もしかしたら私もなにかヘマしたら、コバンザメズに入れられてしまうかもしれない。拠点をアーモロードから別の、例えばアユタヤとかバタビアとか、よその港に移すことも考えておいた方がいいな。
そんなことを考えながら外に転がされたコルセアを回収して、新しい船のお披露目に素直に心躍らせたりしたのだった。
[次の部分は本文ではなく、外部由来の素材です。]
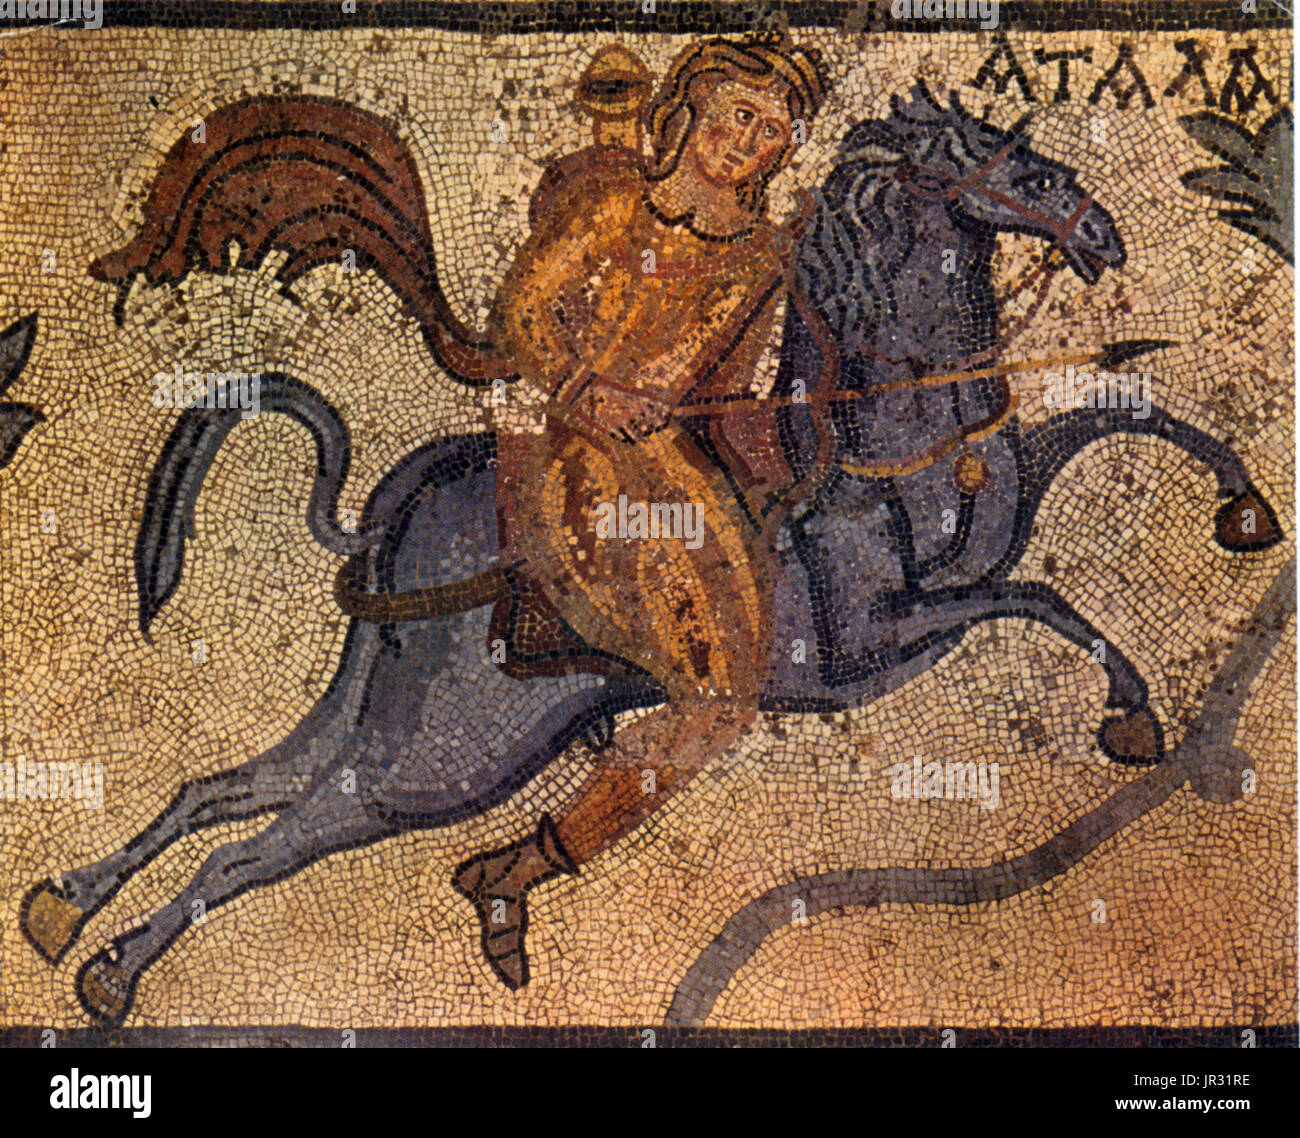 Panel from a mosaic pavement: Atalanta, on horseback, hunts a lion. The lion and the end of the Greek inscription giving Atalanta's name are missing. From a Roman Villa at Halicarnassus, 4th century AD. Atalanta is a character in Greek mythology, a virgin huntress, unwilling to marry, and loved by the hero Meleager. Having grown up in the wilderness, Atalanta became a fierce hunter and was always happy. She took an oath of virginity to the goddess Artemis. Halicarnassus was an ancient Greek city at the site of modern Bodrum in Turkey. The city was famous for the tomb of Mausolus, the origin of Stock Photo

ちなみにそれまで使っていたバルシャ船は、遊覧船をやりたいっていう業者に払い下げたそう。コバンザメズが勝手にやったことなので、私に怒らないで欲しい。


・ ・ ・ ・ ・ ・ ・ ・


バーバラ&コバンザメズ


俺の名前はコバイチ、本名はウィリアム・ダンビラ。10年ほど前までは南海で名を馳せた海賊だったが、コツコツ貯めた金を元手に陸に上がって不動産屋を始めた。わかりやすくいうと地上げ屋だ。ある日、港の近くの邪魔くさい漁師小屋を買い取ろうと出向いたら、中から恐ろしいババアがスズメバチのように飛び出してきて、スコップで顔面に一生消えない傷とトラウマをつけられて現在に至る。
現在はコバンザメズのリーダーとして、ギルド【マッドハニー】の一員として世界樹で迷宮攻略をさせられつつ、姐さんことマイラ・フーカ提督率いる【メガロドン海賊団】の旗艦メガフカヒレ号で見習い水夫をやっている。元海賊が陸に上がって巡り巡って見習い水夫をさせられてるなんて、酷い冗談みたいな話だが、姐さんはあのナリと若さで意外としっかりしていて、下で働くのに関して不満はない。仮に不満があったとしても、コバンザメズになった時点で人権は捨てたので、嫌だ辞めるとは口が裂けても言えないわけだが。そんなことを言う前に、あのババアに口を裂かれてしまうからだ。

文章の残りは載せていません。